Method #1—Synaptic Facilitation. This is what the Russians base a large part of their training around. Some western coaches have called it “greasing the groove.” Synaptic facilitation refers to the body’s ability to improve strength on an exercise by performing the movement more frequently. As one Russian axiom goes: “If you want to bench more, you have to bench more.” In other words, the more you bench press, the better and stronger you will get at it. Frequent performance of lifts, in essence, teaches your body to do the lift more efficiently, thus making you stronger.

Method #2—Train More Than One Lift At Each Session. I believe one of the worst mistakes a lot of American lifters make is to perform only one lift (and the assistance exercises associated with that lift) at each session. It’s not uncommon to find American lifters squatting at one session, bench pressing at the next, and deadlifting at the third. The lifters who do this mistakenly believe that this will lead to improved recovery and, therefore, more strength on the lifts.

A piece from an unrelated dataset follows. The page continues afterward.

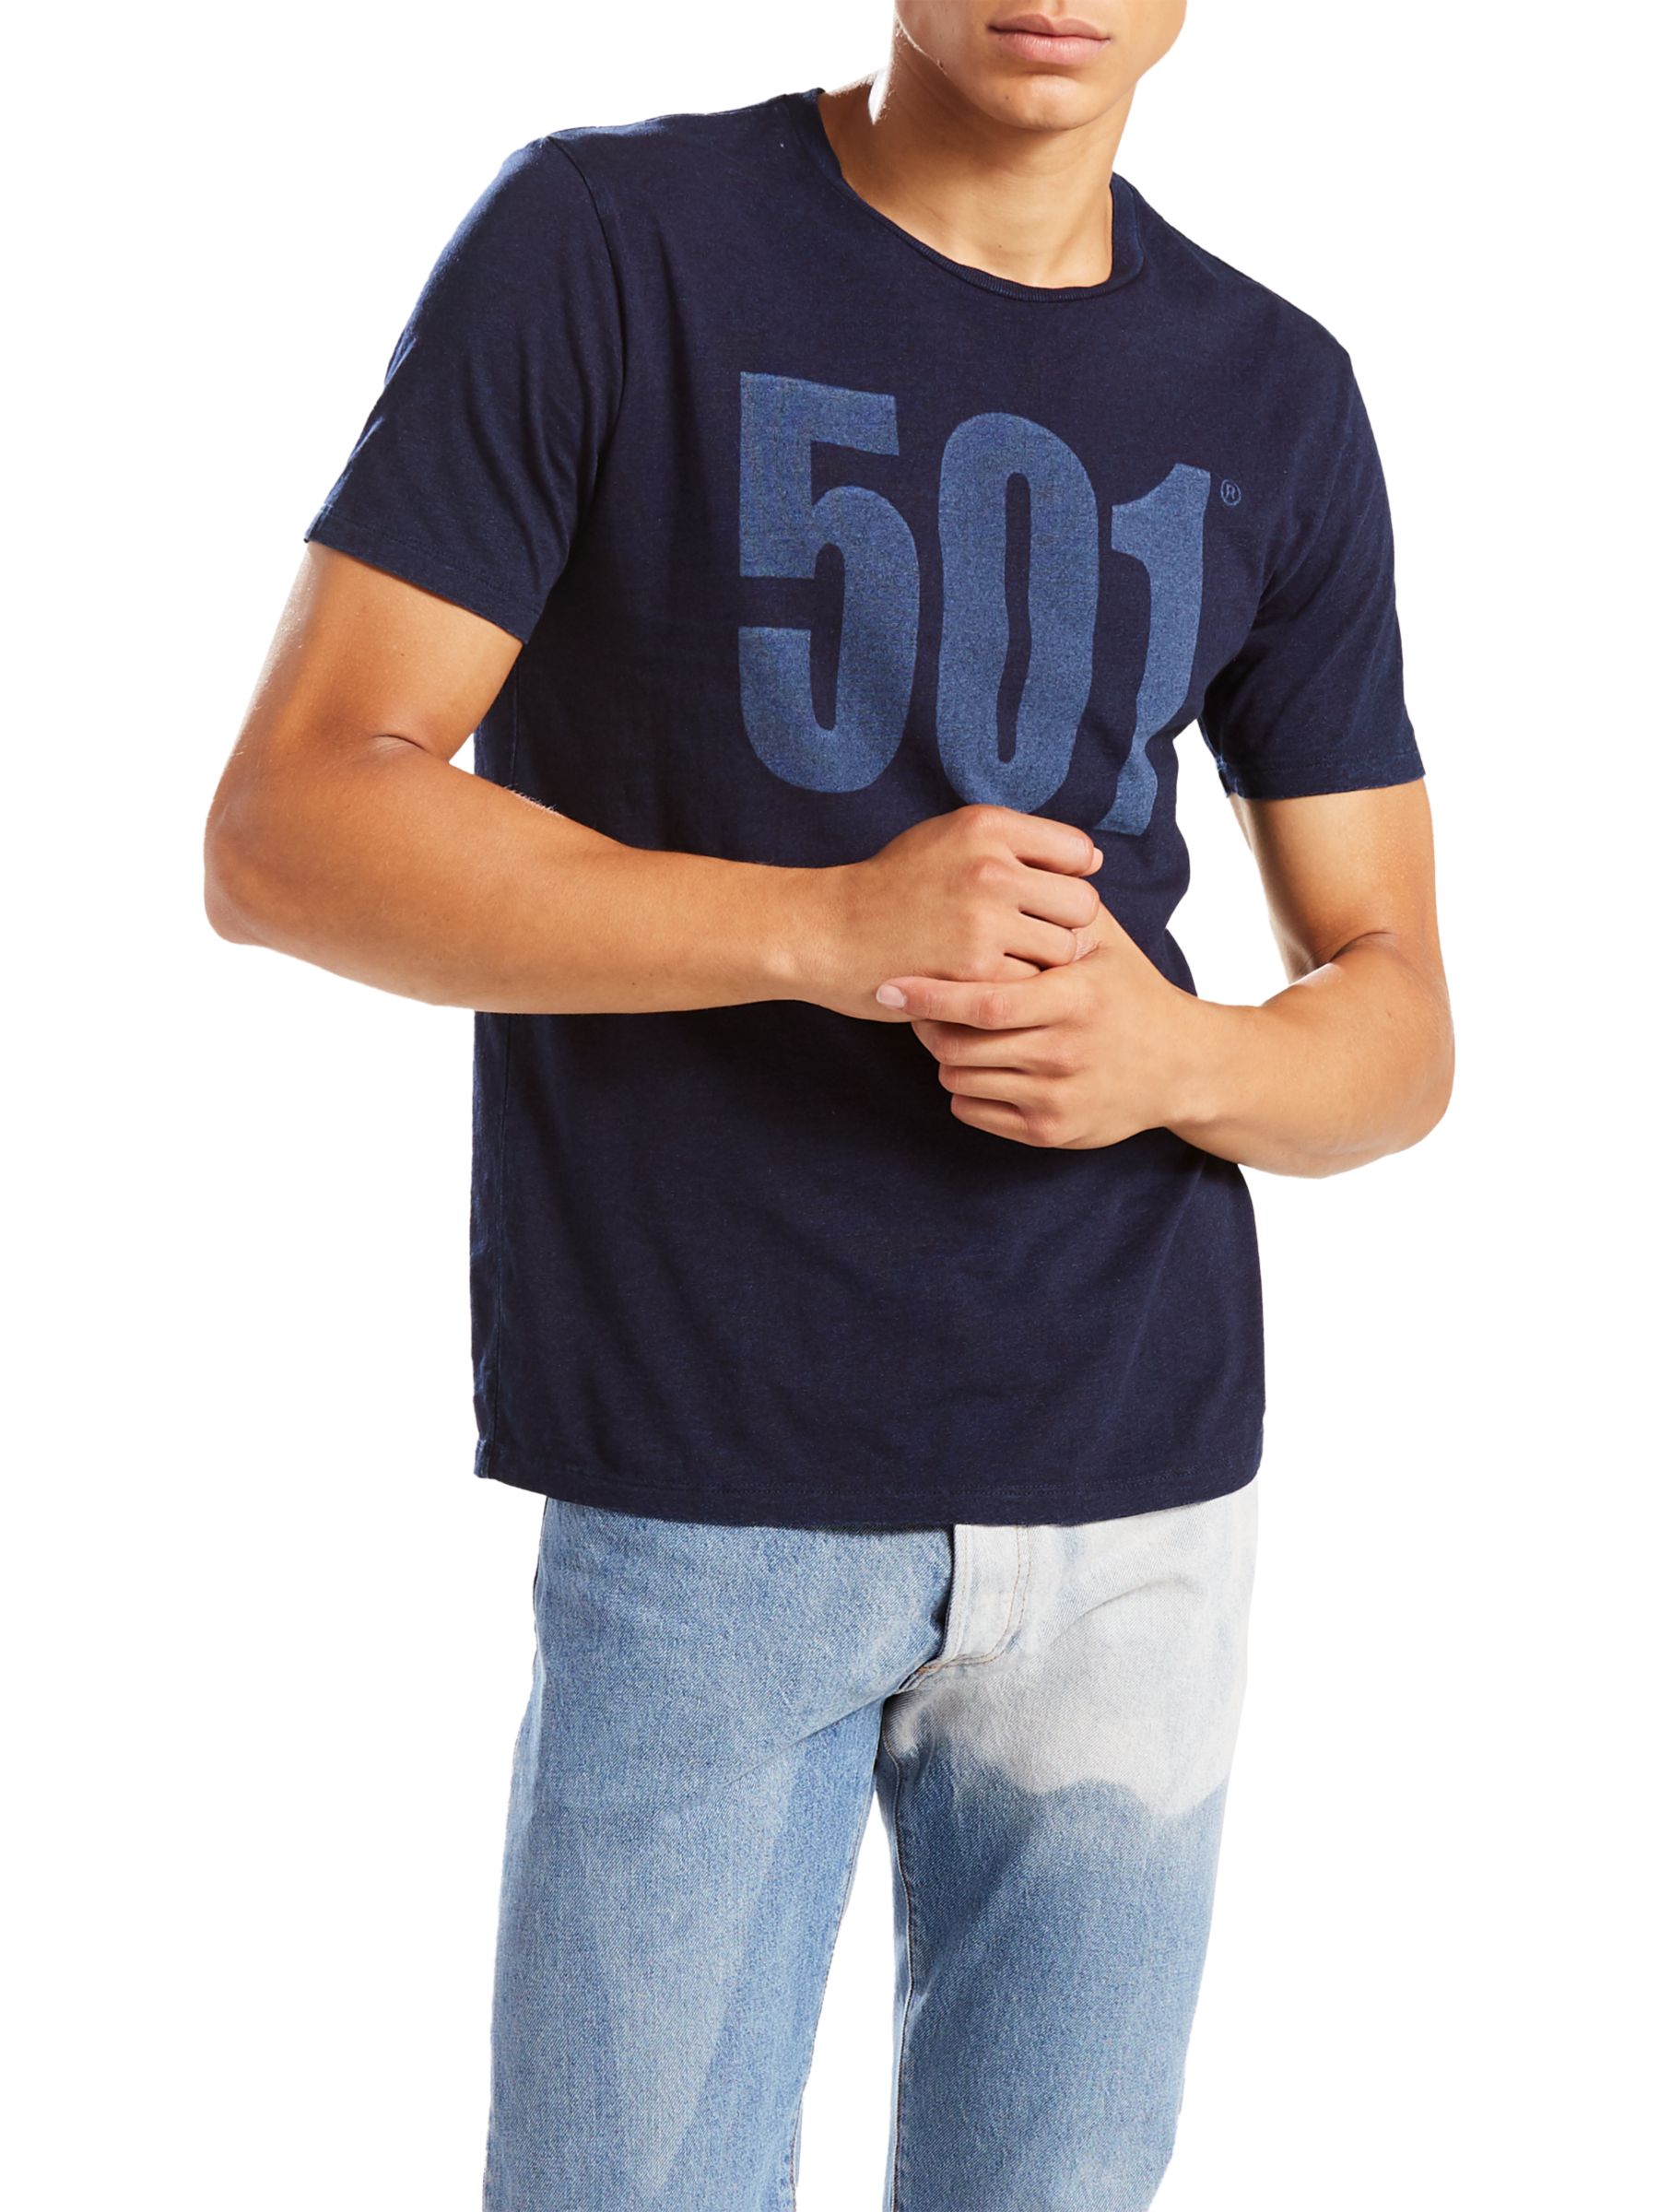 levis 501 tshirt

The problem with this type of training is two-fold. One, you never get in very good shape by performing only one lift per session. Two, you never allow your body to increase its rate of recovery by training so infrequently. Sure, you’re sore and tired when you first attempt to increase your workload so dramatically, but your body will adapt. And when it does, you will be a bigger, stronger bodybuilder, powerlifter, strength athlete, or MMA fighter.

Every time the Russian powerlifters train, they do some type of deadlifting or squatting with some type of bench press work. Doing this consistently makes a powerlifting contest an absolute breeze. If you will train so that your workout sessions are harder, more demanding than any contest you enter, you can be sure to dominate.

Method #3—Train Smaller Muscle Groups More Frequently And With More Volume. Another mistake many American bodybuilders make is to train their larger muscle groups with more volume than their smaller muscles. But a lot of Russian and Eastern-bloc lifters believe that the smaller the muscle, the more volume it can handle. This is the reason they train the muscles that are used in the bench press more frequently than their squats or deadlifts. While many Russians train their squats and deadlifts two to three times a week, many of them also train their bench press up to eight times per week.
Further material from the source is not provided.